Troubleshooting
This page covers the most common issues you'll encounter when working with LiveDoc xUnit tests, along with their causes and fixes.
Test Not Discovered
Symptom: Your test method doesn't appear in Test Explorer or isn't
run by dotnet test.
Cause: The method is missing a LiveDoc test attribute. LiveDoc
attributes ([Scenario], [ScenarioOutline], [Rule], [RuleOutline])
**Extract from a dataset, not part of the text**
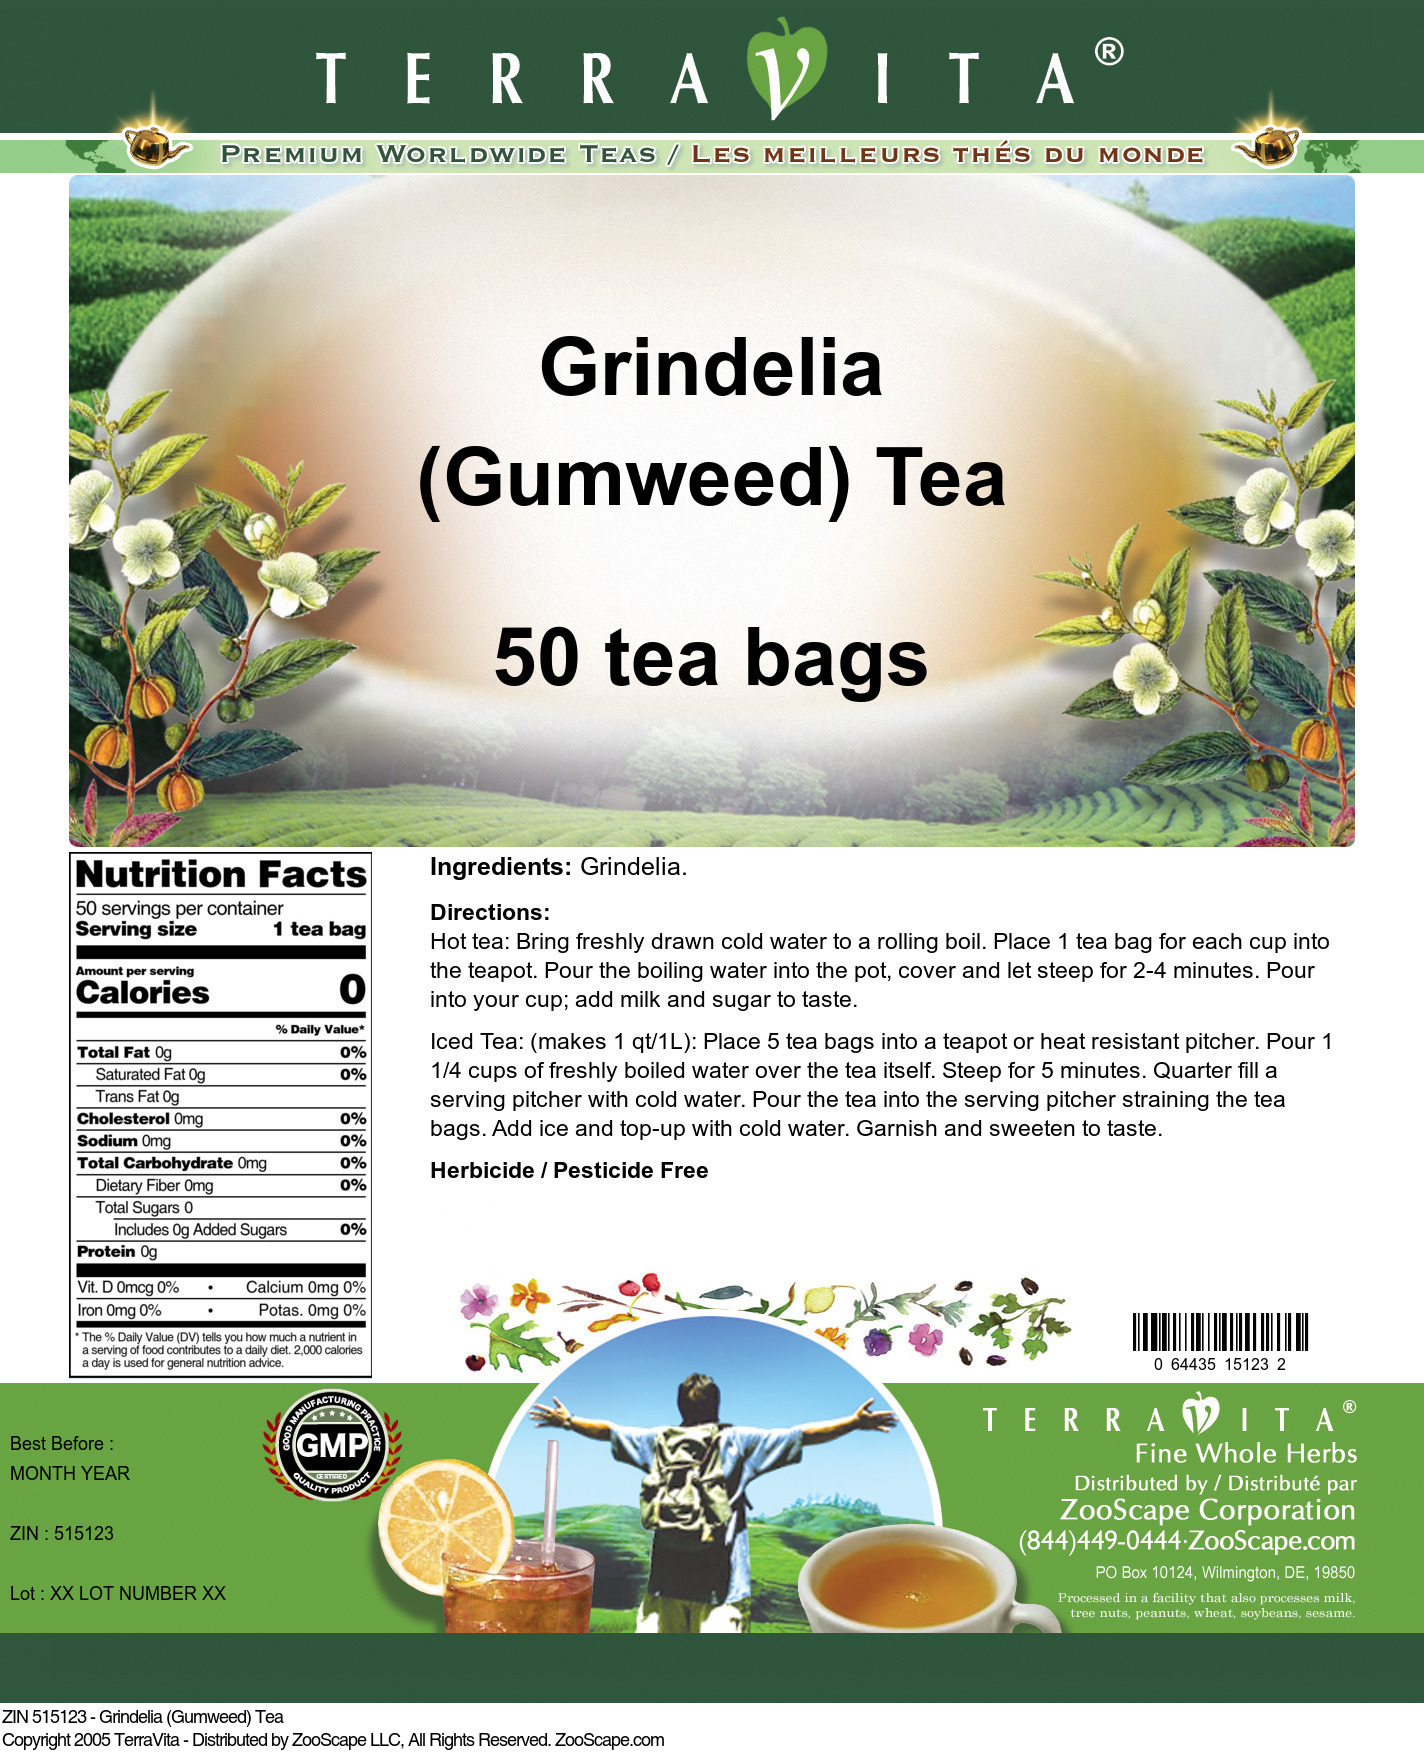 Grindelia (Gumweed) Tea
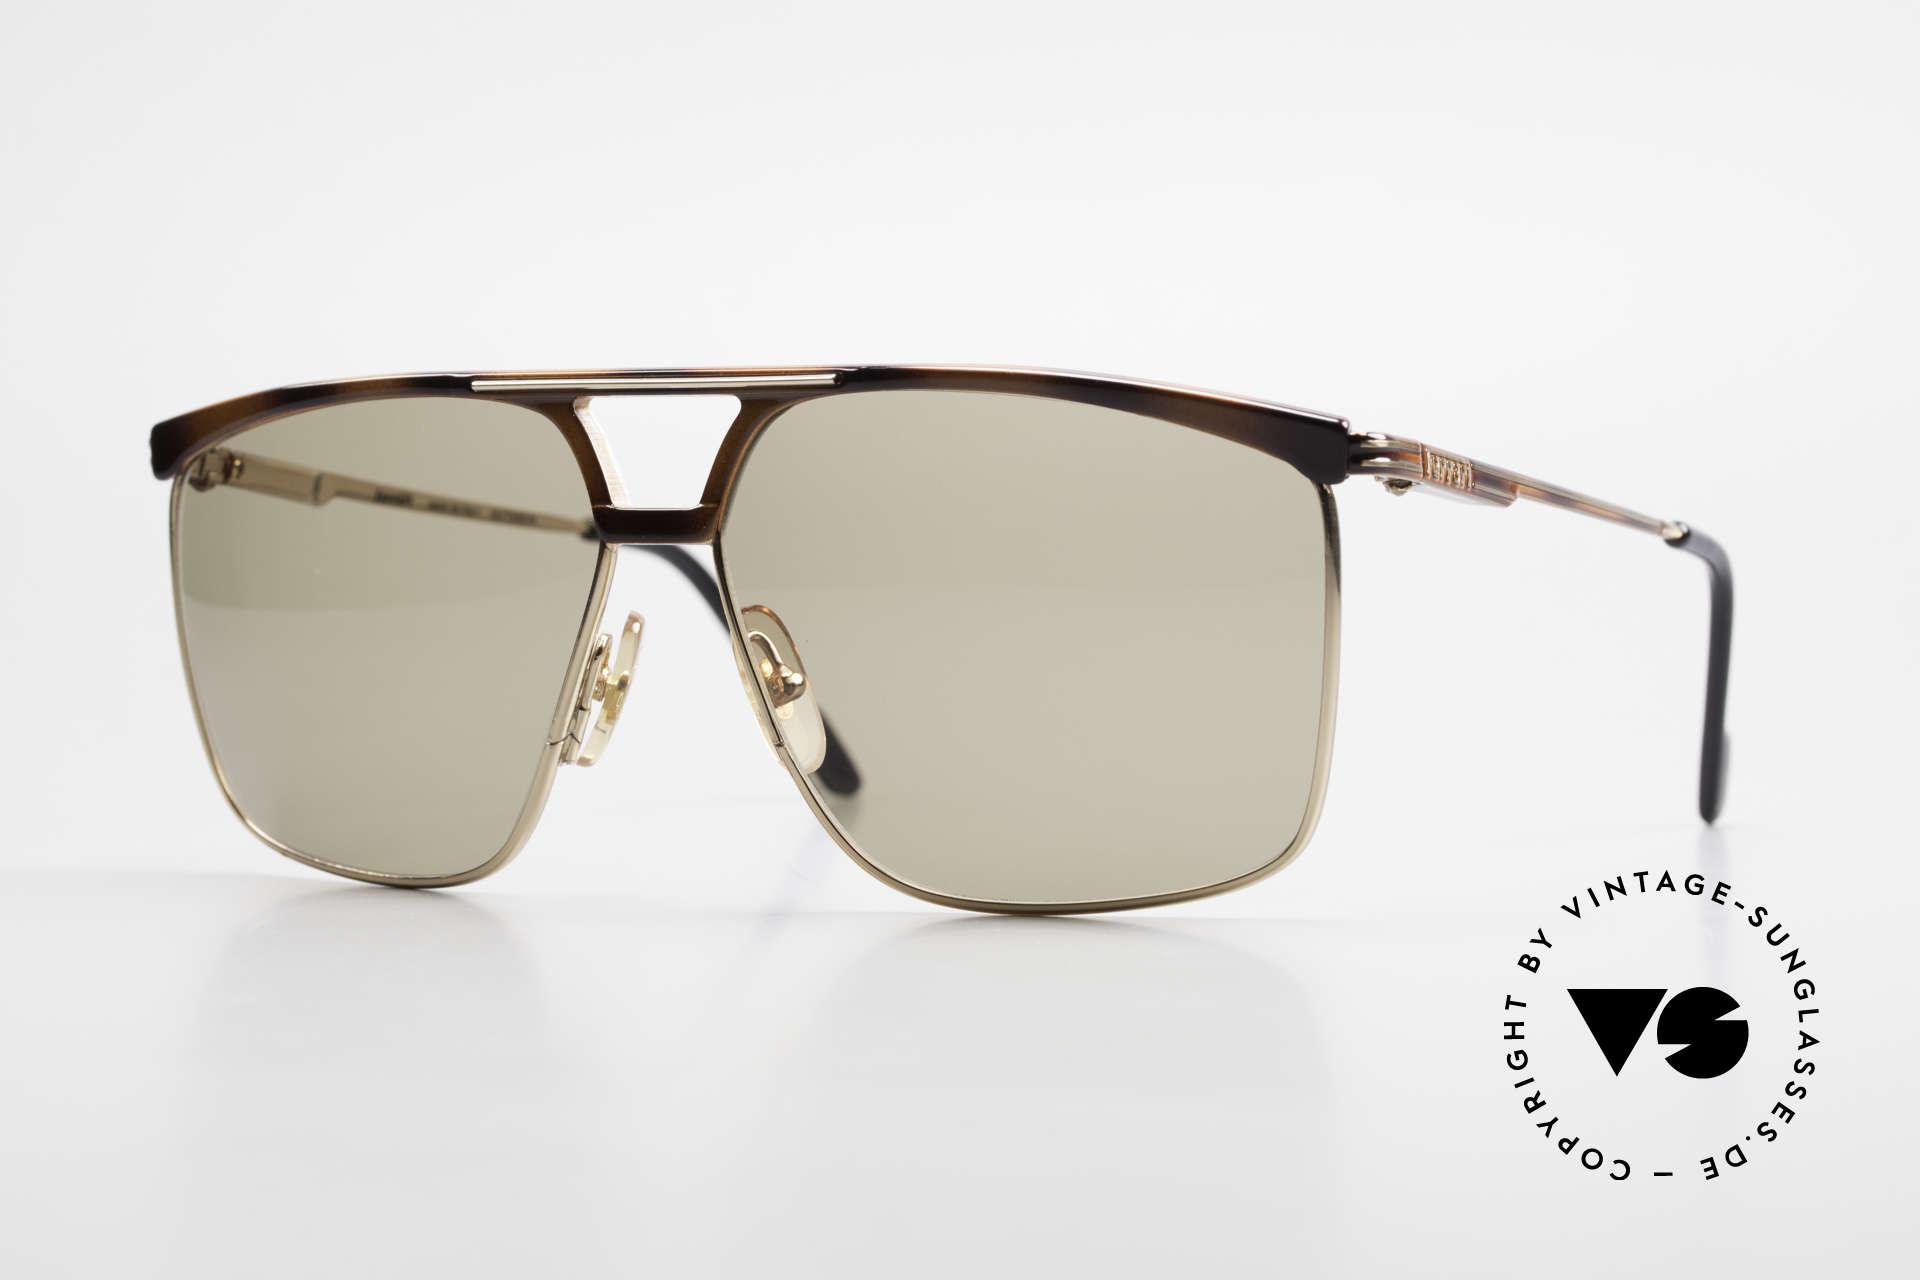 Ferrari F35 X-Large Sunglasses Alutanium, very masculine Ferrari FORMULA 1 vintage sunglasses, Made for Men

inherit from xUnit's [Fact] and [Theory] — without them, xUnit
doesn't know the method is a test.
Fix: Add the appropriate attribute:
// ❌ Missing attribute — xUnit ignores this method
public void Customer_gets_discount()
{
Given("...", () => { });
}
// ✅ Attribute present — xUnit discovers this test
[Scenario]
public void Customer_gets_discount()
{
Given("...", () => { });
}
| Pattern | Single test attribute | Data-driven attribute |
|---|---|---|
| BDD | [Scenario] | [ScenarioOutline] |
| Specification | [Rule] | [RuleOutline] |
Output Not Formatted
Symptom: Tests run and pass, but the output in Test Explorer shows plain text instead of Gherkin-formatted results (no indented Given/When/Then steps).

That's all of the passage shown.